Giacinta notò Benzina scrutarli con occhio civettuolo, e non poté fare a meno di affrontarlo verbalmente per capire cosa avesse in mente. Fu estremamente esplicita:
«Che cazzo hai da guardare Benzina...».
L'uomo non si aspettava un attacco così sfrontato e girò la testa dall'altra parte, cercando un modo qualunque per vincere l'imbarazzo. Dopotutto non aveva fatto nulla di male, se non provare un vivo sentimento d’amore per i due giovani.
«Niente di che. Mi chiedevo solo cosa vi sarebbe piaciuto fare da grandi...».
Disse la prima cosa che gli venne in mente.
«Bella domanda», ironizzò Radu.
Giacinta lo fissò con gli occhi spiritati, credendo che stesse in realtà tergiversando maliziosamente sulle sue forme; cosa che era già successa e non sopportava.
«Io vorrei fare la principessa delle barbabietole».
Radu rise di gusto. Benzina si abbandonò a un'espressione buffa.
«Senz'altro un bel lavoro. Deve essere molto remunerativo».
Sul volto di Radu e Giacinta prese forma un enorme punto interrogativo: certe volte non riuscivano proprio a capire i termini usati dall'amico di merende, unti dall’accademia evinta dalle letture sporadiche dei giornali. 

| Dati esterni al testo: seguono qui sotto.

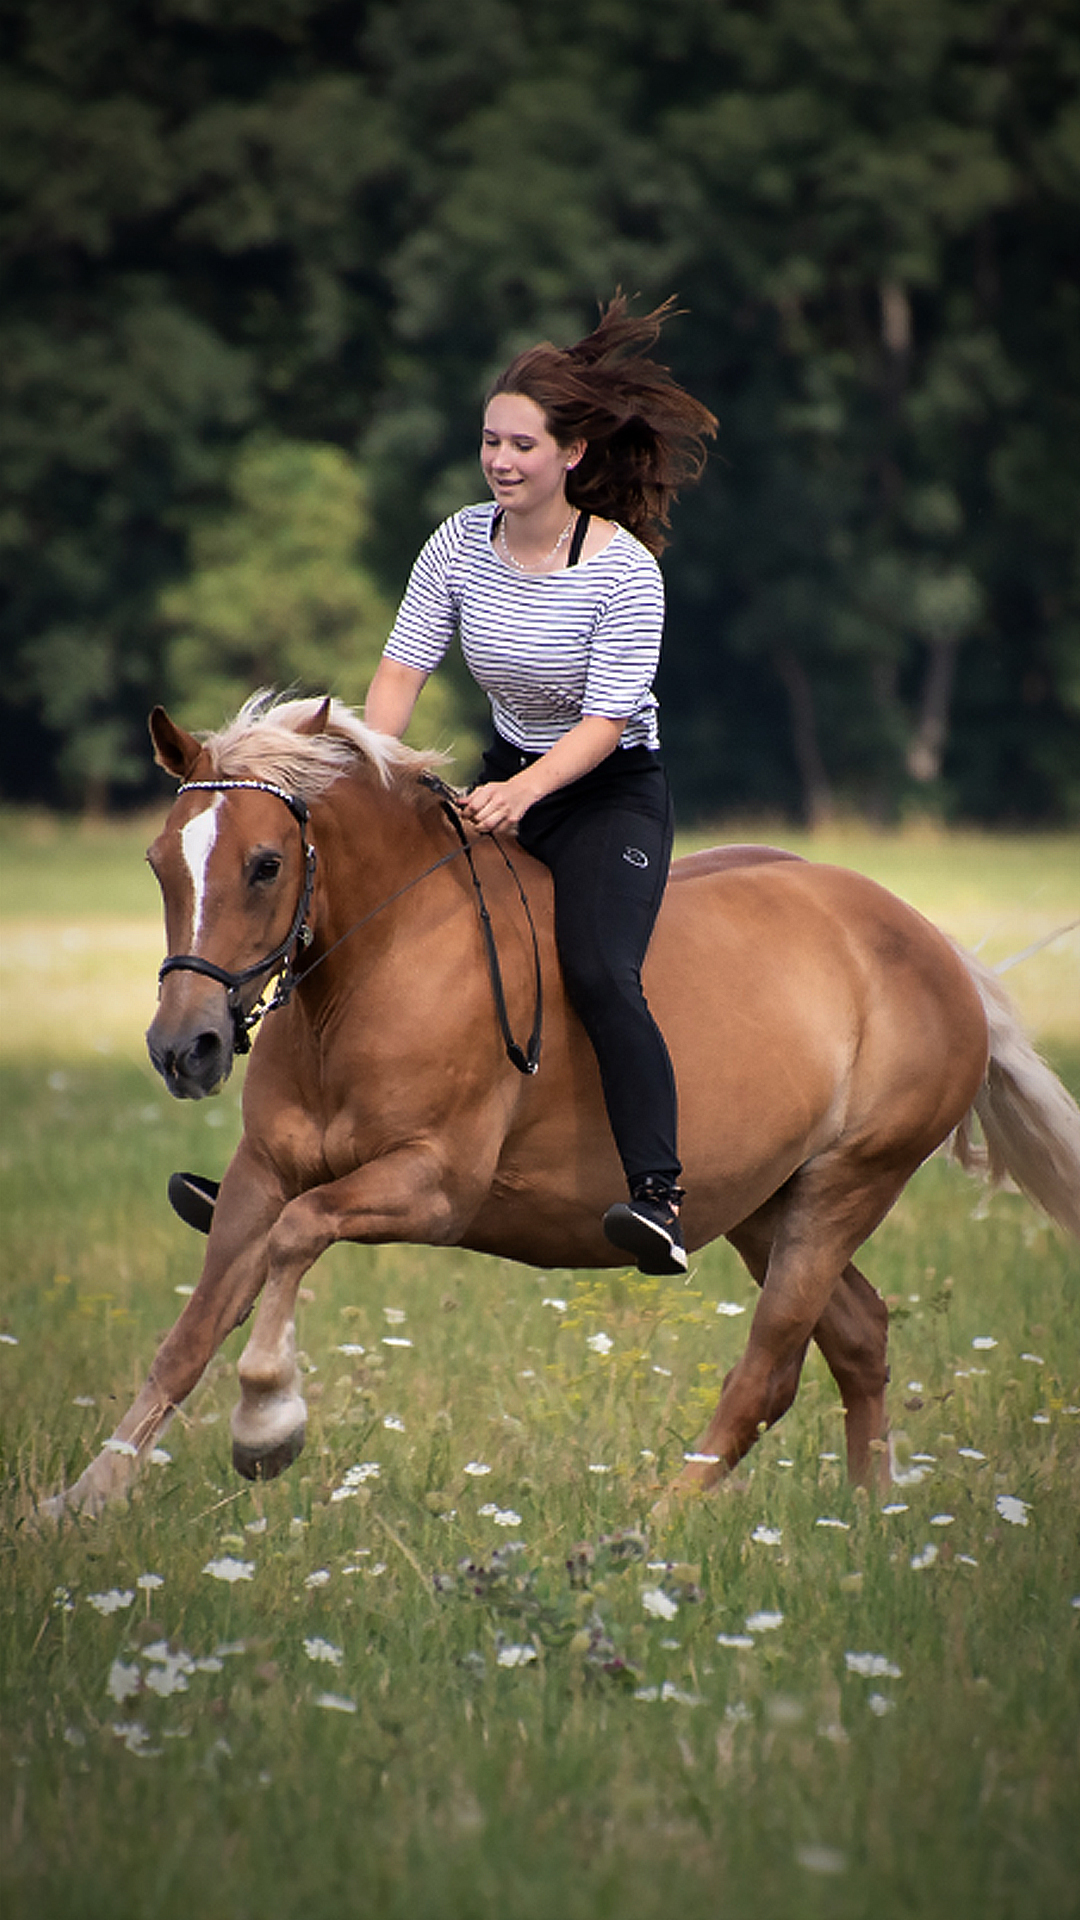 The Pros & Cons of Bareback Riding

«Remu che?», bofonchiò Radu.
Benzina percepì tardi il problema: i due sinti era già tanto se riuscivano a esprimersi in italiano; figuriamoci il resto. Alcuni nomi e aggettivi non potevano essere di loro competenza. Avrebbe potuto pensarci.   
«Silenzio!», intervenne Teschio, con arroganza.

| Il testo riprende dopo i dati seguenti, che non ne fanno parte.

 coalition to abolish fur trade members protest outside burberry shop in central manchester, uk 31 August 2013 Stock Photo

Un'automobile s'era appena fermata davanti all'entrata della ditta. Era una Mercedes cabrio: roba da ricchi. Scesero due persone: un uomo, sulla sessantina, ben vestito e con un cappello grigio, e una donna di una decina d'anni più giovane, anche lei dall'aria assai benestante. Impugnavano qualcosa che l’uomo non riuscì a mettere a fuoco. Lo capì più tardi, quand'erano oltre il cancello d'entrata: era una busta cartonata, contenente chissà cosa, che l’ospite pose sopra il davanzale, nei pressi dell'uscio da percorrere per raggiungere il covo della setta.
Aprirono la porta e si inoltrarono nel cuore del caseggiato che sorgeva di fianco alla ditta. Scomparvero velocemente, lasciando a bocca aperta Teschio e i suoi compari.
«Che dite?», blaterò Teschio, senza cognizione.
Nessuno fiatò, ma fu evidente a tutti che l'ora x fosse ormai scoccata.